Workshop 4.0 – empowering robotic arms with computer vision
Robots can lift much more than humans, mostly because they won’t hurt their spines carrying heavy loads. If people get injured – they suffer and need treatment. Fixing a broken robot is usually a matter of replacing some gears and there is simply no suffering involved. Making robots lift heavy wooden panels makes people’s lives better, safer and more comfortable – a perfect spot for Tooploox to contribute.
According to WebTribunal, up to 400,000 new robots appear on the market every year with South Korea leading the way, already having 900 robots to every 10,000 employees.
Yet implementing a robot in the workplace is far more complicated than just buying one. The devil is in the details and this time it is all about the ability to grab a wooden panel from an unsorted pile.
Workshop 4.0 is a startup focused on providing industrial robots combined with sensors and data processors to make the fourth industrial revolution a reality.
“We have chosen to engage in robotics because it allows us to automate repetitive and physically demanding tasks for the employees of TZ. Also because it allows us to improve productivity and remain competitive.”
This time, the company was to deliver a robotic arm to grab wooden panels from unsorted piles and precisely insert them into a CNC machine that would transform the raw wood into work-of-art quality doors. These are produced by cutting and milling the wooden panels into the desired shapes and applying – sometimes astonishingly sophisticated – patterns.
Grabbing any given thing from an unsorted pile is a no-brainer for humans. But for a robot? Far from easy.
In this particular project there were several challenges to deal with:
Various sizes of wooden panels to be worked with
The workflow starts with the employee who comes into the workshop with a forklift and a pile of panels to be worked. The panels are put down in the form of a stable pile, with various angles, different sizes, and usually no predictable order. One of the reasons behind this is the business model of the company – it is craftsmanship, not mass production where scale follows standardization.
The workshop produces doors from the size of garage doors to kitchen cupboards – and basically everything in between.
The company assigned a budget for the task and fitting development into it was one of the primary challenges. This included the price of the system components – initial designs aimed to use depth estimation cameras, yet these are costly devices. Thus, building a system on budget and solving the challenges algorithmically was the only way to overcome this challenge.
Not the least of challenges, the client expected the team to make the robot usable as soon as possible – this investment has to work for itself, and having the cash frozen in machines was counterproductive.
The end goal was to be realized in two and a half months.
The Distance from Poland to Switzerland
Implementation required the Tooploox team to operate at times in Switzerland. Also, the cooperation required the teams to synchronize using digital means and find the overlapping times that included the timezone shift.
During the project there was a significant shift from the initial planning.
“The bottleneck of the project was the displacement of integration timing by the client (extended beyond 6 months). For us, it was a real challenge to adapt our business planning and to ensure that the project partners remained committed for a longer period. This showed us that we had chosen the right partners (Tooploox) who proved resilient in supporting us throughout this integration, which took much longer than expected.”
The key challenge with an unstructured pile of panels was the fact that there was no easy way to show the robot the angles and edges of a particular piece of wood. Even the human eye could get confused with the complex wooden grain patterns and the limited variety of colors.
In the initial state, it was thought we could simply use a depth estimation camera, yet this is a costly device far exceeding the required budget.
Thus, the challenge had to be tackled by overcoming hardware limitations with superior coding.
The light web
The Tooploox team came up with the idea of using a laser CNC web projected on the pile from above. The web itself is regular, with clearly defined angles and lengths. Thus, spotting irregularities in the laser web pattern became our way to count the size and position of every panel in the pile.
The next step was to devise an algorithm to find cracks in the web and give information to the robotic arm on how to grab a particular panel and how to position it in the CNC milling machine.

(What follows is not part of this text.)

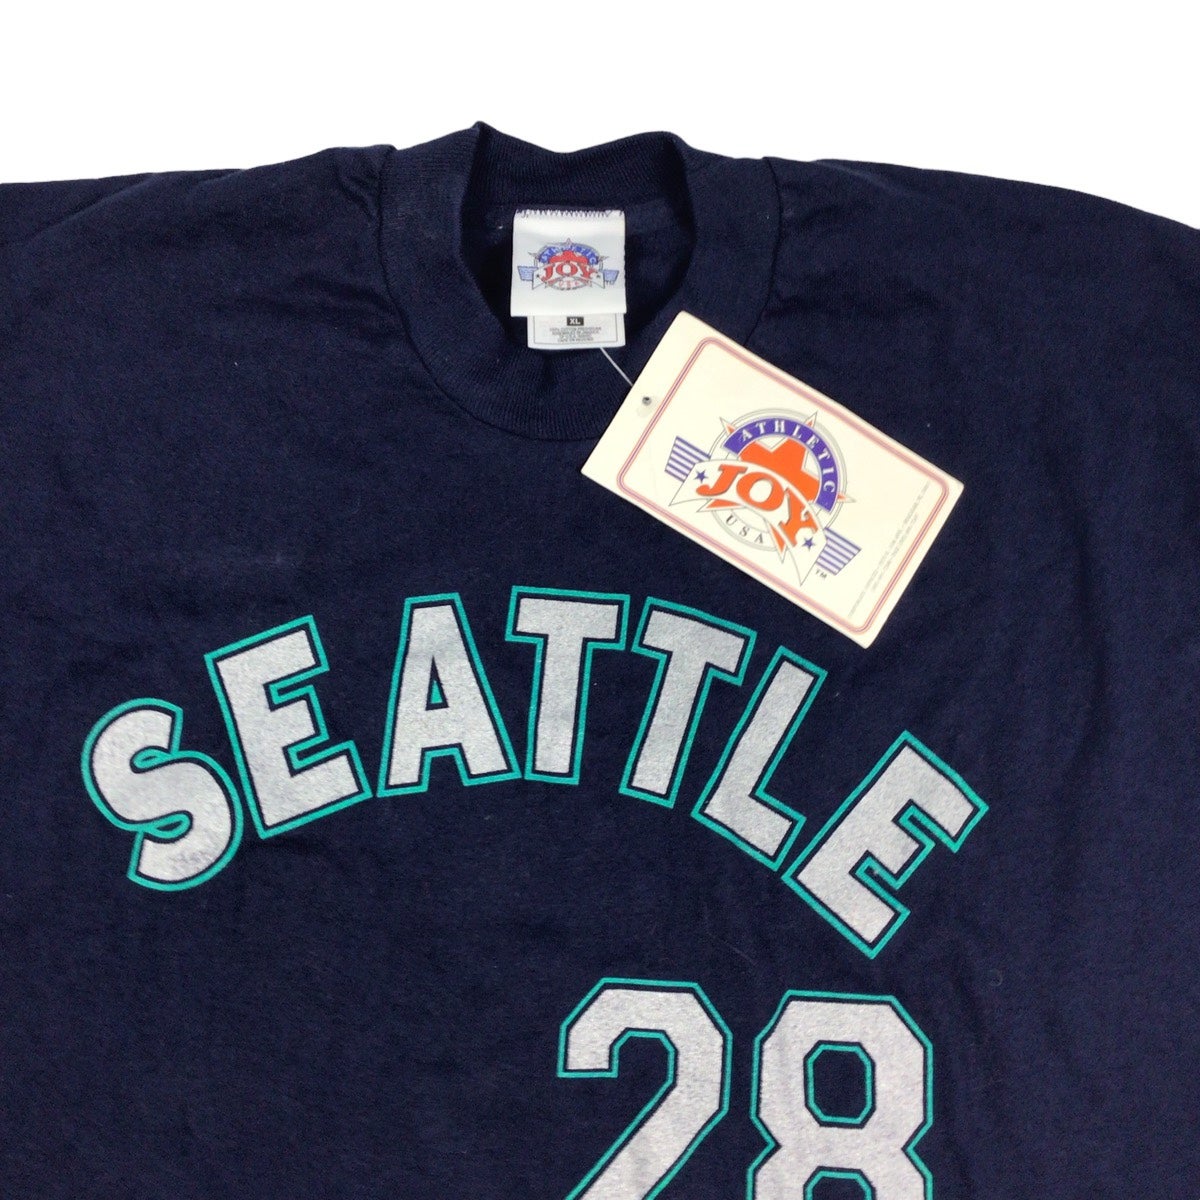 Seattle Mariners Joey Cora Game Jersey 20th Anniversary

The setup that made this approach possible was composed of two cameras that observed the pile from different angles and the laser projector installed directly above the pile.

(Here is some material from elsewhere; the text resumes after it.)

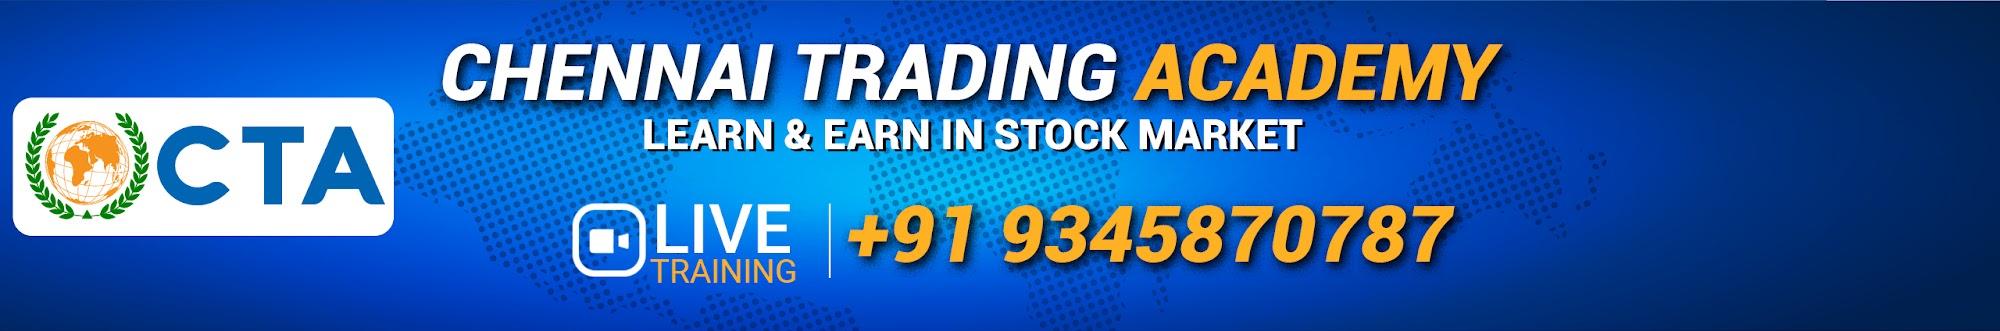 Chennai Trading Academy

The final component of the system was the connector between the vision system and the robotic arm, which delivers exact information on the position of the topmost panel and its size.
The system had to be precisely calibrated, with a precisely defined spot where the pile of wooden panels had to be. The assignment of cameras was also crucial, with the algorithm being vulnerable even to slight changes of observation angle.
The Tooploox team was able to deliver a system that enables the robotic arm to precisely grab any wooden panel and place it with a precision of centimeters into the CNC milling machine.
The team delivered a fully-functional set of devices and software while fitting into the budget and delivered on time.
“We chose Tooploox on the recommendation of EPFL Lausanne. Tooploox’s approach was very open, accessible, and based on our client’s needs. We quickly established a bond of trust and were reassured by this remote collaboration between Switzerland and Poland. Edyta’s responsiveness and Krzysztof’s experience were very much appreciated.”